Background
Extragonadal follicle-stimulating hormone (FSH) receptor (FSHR) expression in various cancers and their
endothelial vessel cells has highlighted novel opportunities for targeted FSHR therapy.
Methods
We investigated the specificity/cytotoxicity of Phor21 fusion lytic peptide, conjugated to 12 different FSHβchain fragments to ablate FSHR-expressing cancer cells in vitro and in vivo. Additionally, the use of the gonadotropinreleasing hormone (GnRH) antagonist cetrorelix (CTX) alone or with the Phor21-FSHβ33-53 C/S conjugate for anticancer therapy was analyzed.
Results
Phor21 linked to the FSHβ33–53 fragment with cysteine (Cys) replaced by serine (Ser) (Phor21-
FSHβ33-53 C/S) demonstrated the highest specific cytotoxicity towards FSHR possessing cancer cells vs. other compounds. Recombinant human FSH treatment significantly decreased the cytotoxicity of Phor21-FSHβ33-53 C/S conjugate in FSHR-positive cancer cells.

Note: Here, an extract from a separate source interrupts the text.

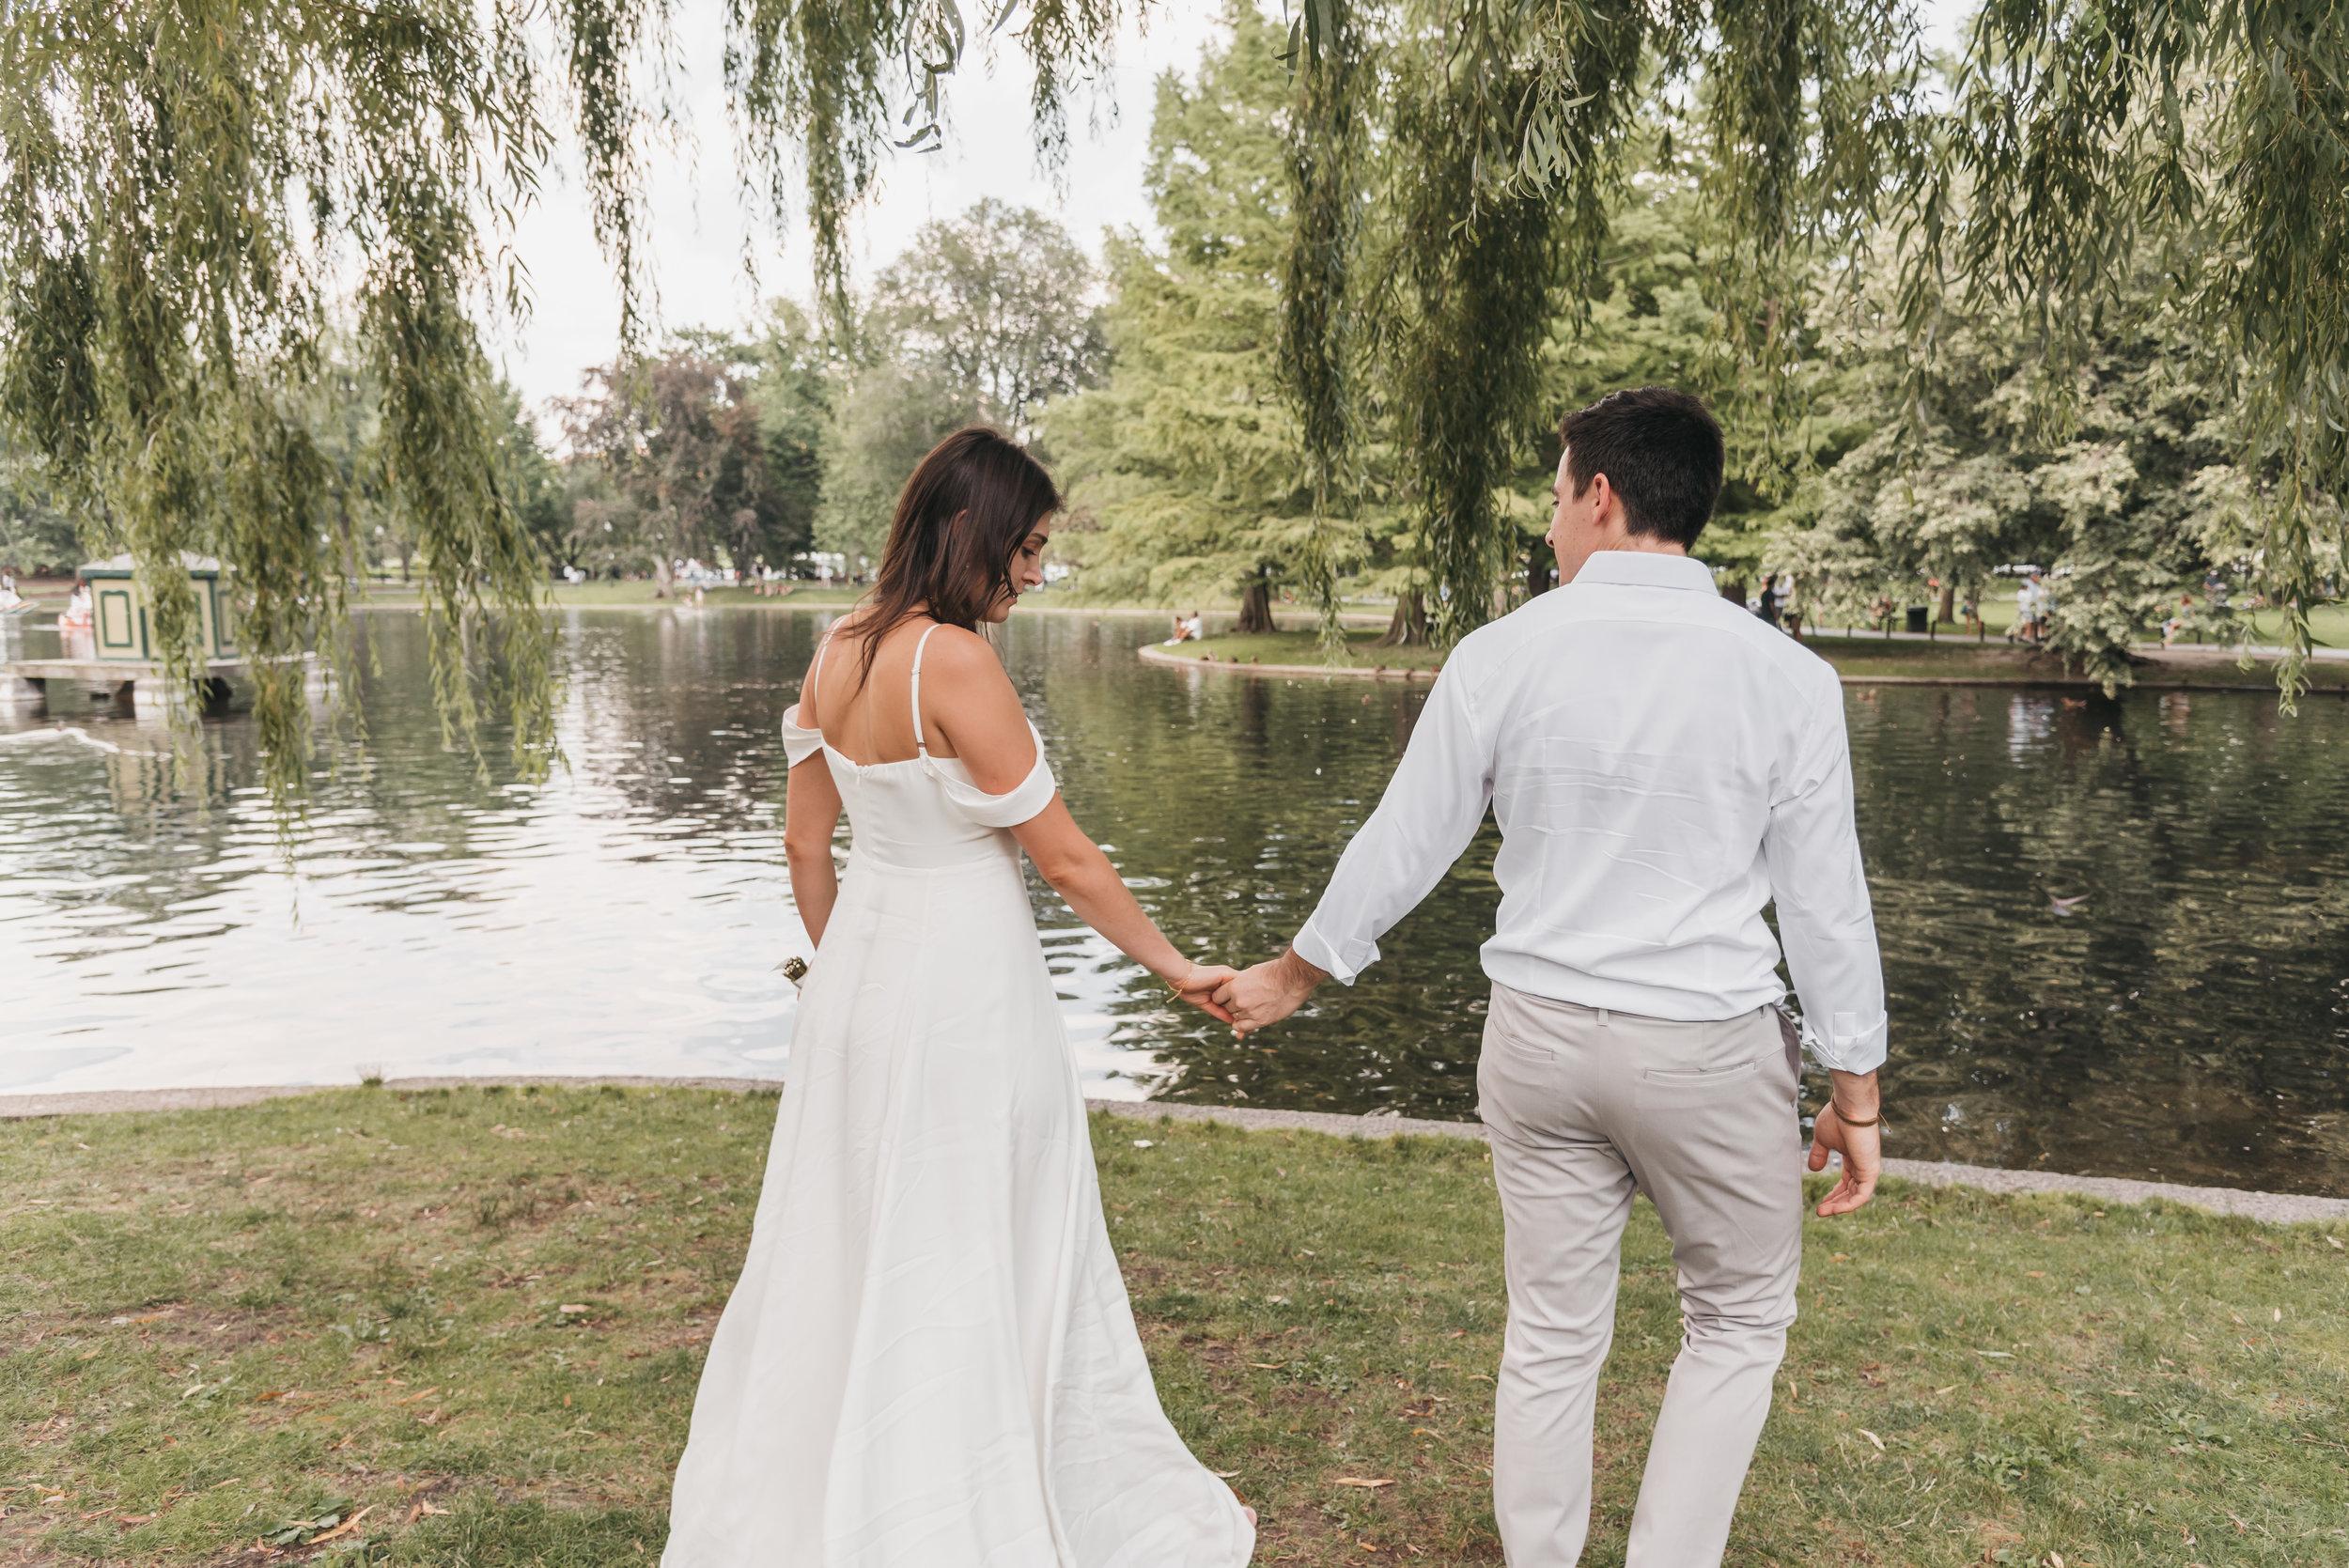 boston-public-garden-intimate-destination-elopement-14.jpg
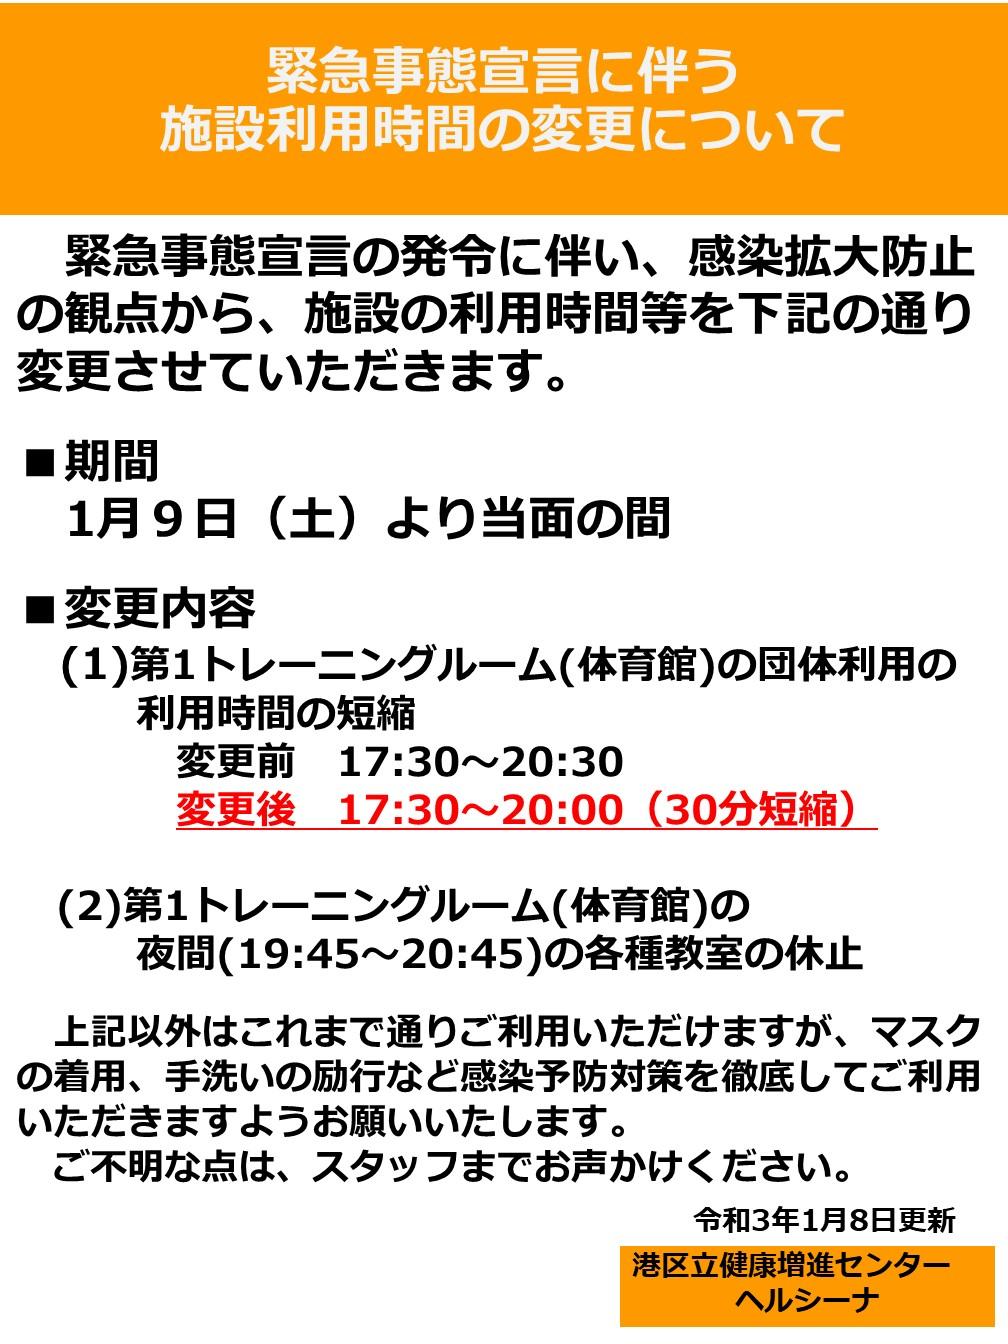 (掲示)(施設)施設利用時間の変更について(HP).jpg

Phor21-FSHβ33-53 C/S (further addressed as Phor21-FSHβ) treatment in vivo significantly inhibited the growth of FSHR-positive cancer xenografts, resulting in necrosis. The efficacy of the Phor21-FSHβ was enhanced by co-treatment with the gonadotropin-releasing hormone (GnRH) antagonist cetrorelix (CTX). CTX alone exerted pro-apoptotic effects. CTX significantly inhibited the growth of prostate cancer LNCaP cell xenografts. Although FSHR-positive tumor vessel endothelial cells were previously reported in LNCaP cell xenografts, we were unable to reproduce FSHR expression. Consequently, Phor21-FSHβ had no effect on tumor destruction because of the lack of Fshr transcripts in the endothelium of these tumor vessel cells.
Conclusion
This novel functional evidence shows that any cancer cell expressing FSHR can be specifically targeted
and destroyed by the conjugated lytic peptide Phor21-FSHβ33–53 (Phor21-FSHβ). FSHR expression was not detected in the tumor vessel endothelial cells, which needs further re-evaluation.